Foods containing vitamin E: vegetable oil, nuts, legumes, seeds, dairy products, oatmeal, liver, and eggs.
4. Vitamin C
This beneficial nutrient helps not only in strengthening the body’s immune defences but also in cognitive functions. Our brain is an active consumer of vitamin C, its concentration in brain tissues is higher than in other body parts. So, consuming ingredients with vitamin C is good for brain health. Recent experiments have revealed the protective properties of this vitamin against memory loss and reduced mental capacity. But despite the prevalence of vitamin C in many foods, many people are deficient in this nutrient. Therefore, doctors strongly recommend taking it for memory in addition to biologically active supplements that are useful for good brain function.

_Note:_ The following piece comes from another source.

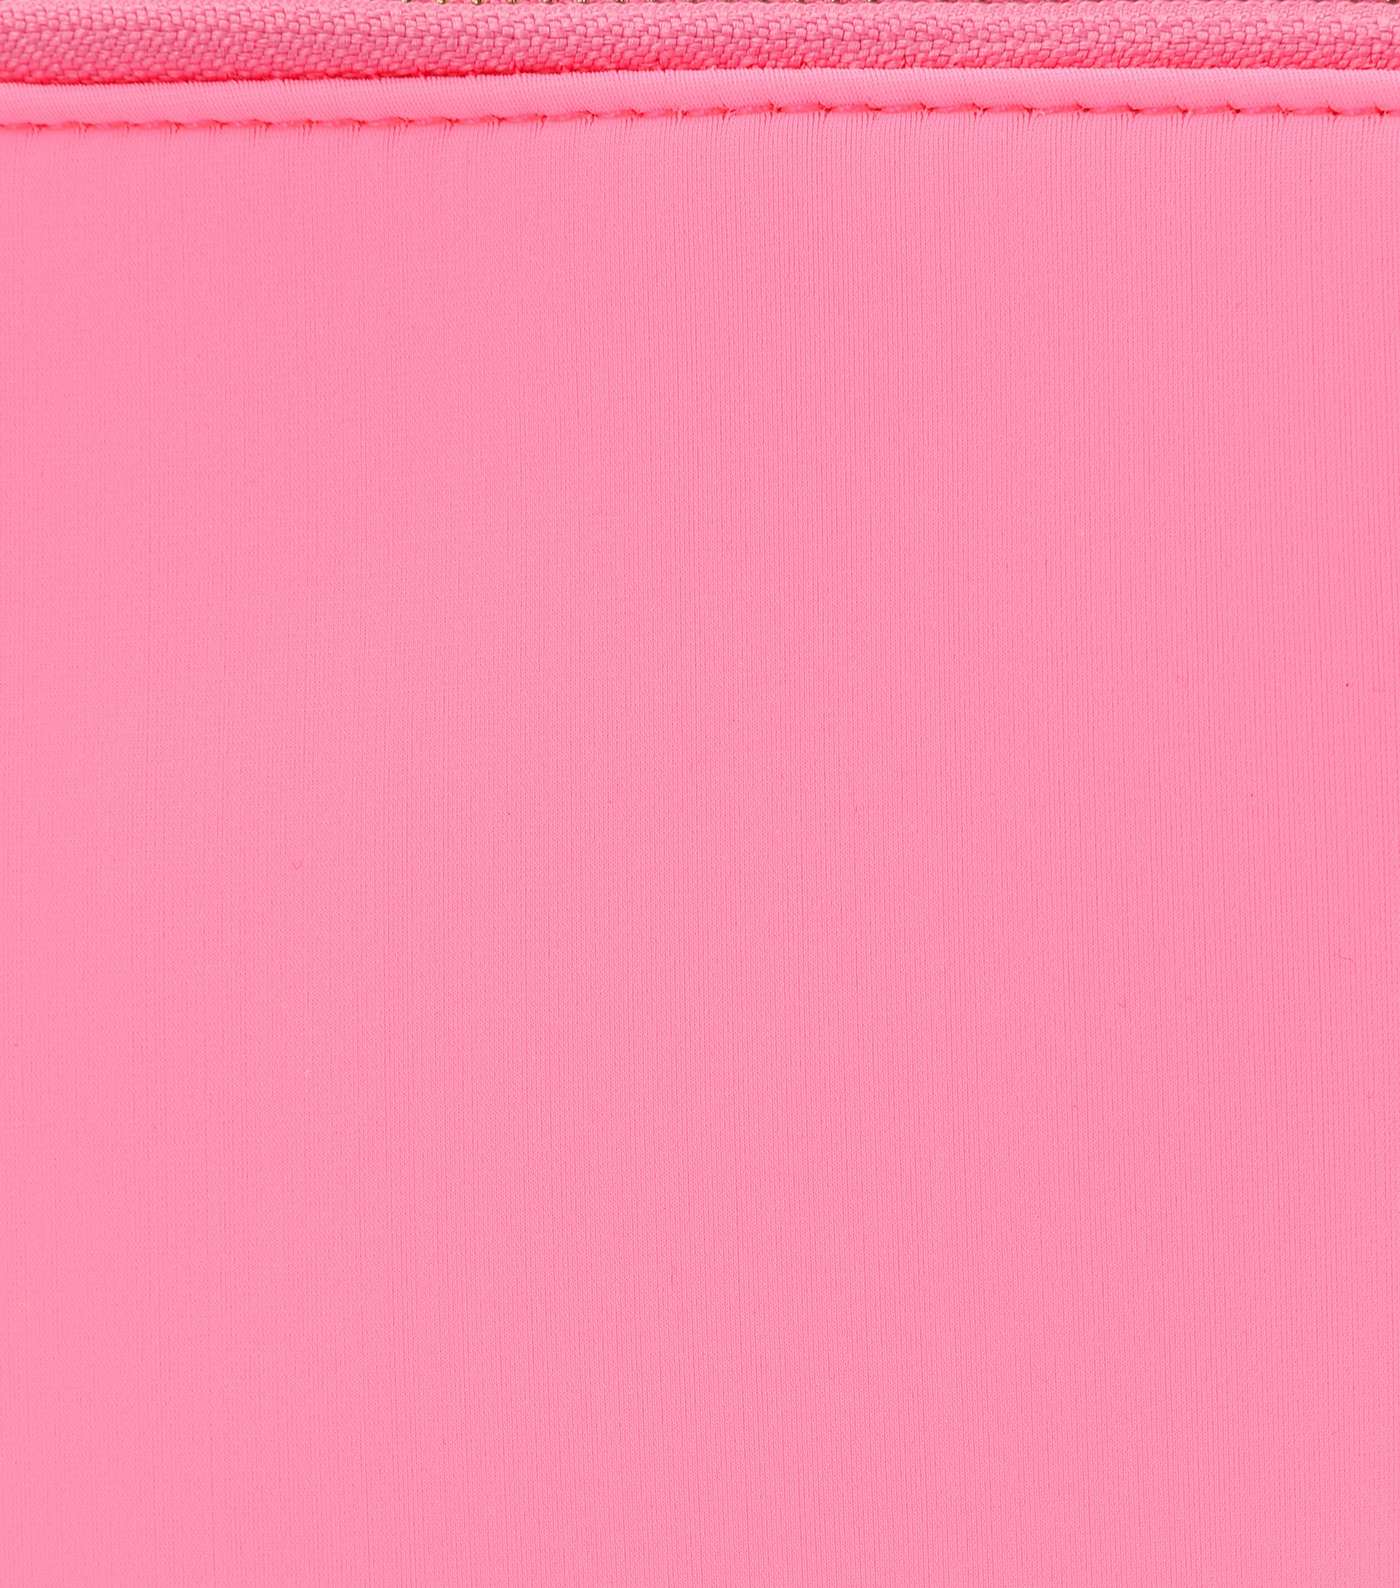 South Beach Bright Pink Wristlet Clutch Bag Image 3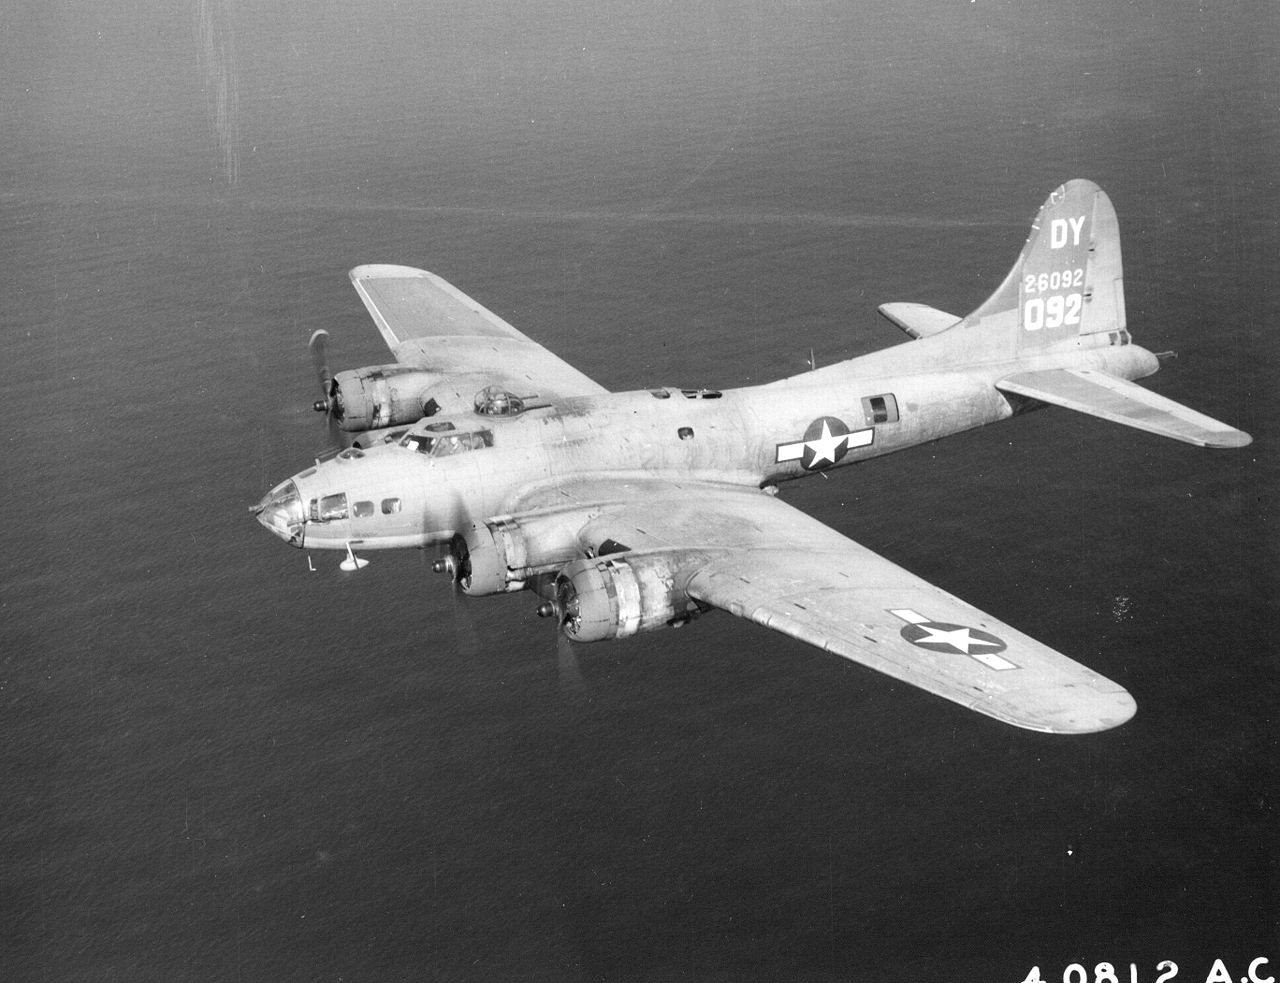  Flying B-29 Superfortress Pilot Phonetic Alphabet

Food containing Vitamin C: fruits and vegetables, especially citrus fruits such as grapefruit, orange, and pineapple.
5. Folic Acid
Folic acid is vitamin B9. It is responsible for the speed of thinking and the quality of memorizing information. The course of excitation and inhibition of the central nervous system depends on its presence in the body. The body can produce folic acid, but it is often destroyed. Therefore, for vitamin B9 to be absorbed better, eating foods containing folic acid is necessary. To do this, you can take brain formula folic acid supplements with it and use helpful products with this content.
Food containing folic acid: nuts, dairy products, especially cheese, pumpkin, apricots, red meat, cereals, legumes, and mushrooms.
As you can see, the number of vitamins that do brain boosters work is very large. And for their assimilation in the body, you do not need to try to choose specific products in your diet. It is enough to eat healthy food, and the body will be saturated with vitamins. Or you can take healthy mind supplements, which also have an excellent effect on memory and concentration.
A bad emotional state, excessive anxiety, alcoholism, and depression can cause such manifestations of your body. However, all these problems occur due to the lack of vitamins in the body. Therefore, it is essential to support them sufficiently in quantity so as not to encounter such diseases and symptoms.
Dried fruits that positively affect our brain and concentration include dried apricots, raisins, nuts, cashews, and figs. They are rich in minerals and vitamins. For this reason, they help maintain a good memory and improve cognitive functions.
First of all, greens are considered to be helpful food for the brain. It is rich in vitamin B, which is most important for brain health. Also, nutritious foods include fruits, vegetables, berries, fish, and nuts.
Zinc, magnesium, iron, curcumin, and herbal supplements are among the most effective food supplements for mental performance. They contain many substances that stimulate the active work of our brains. Accordingly, their reception helps to improve concentration, memory, and mood.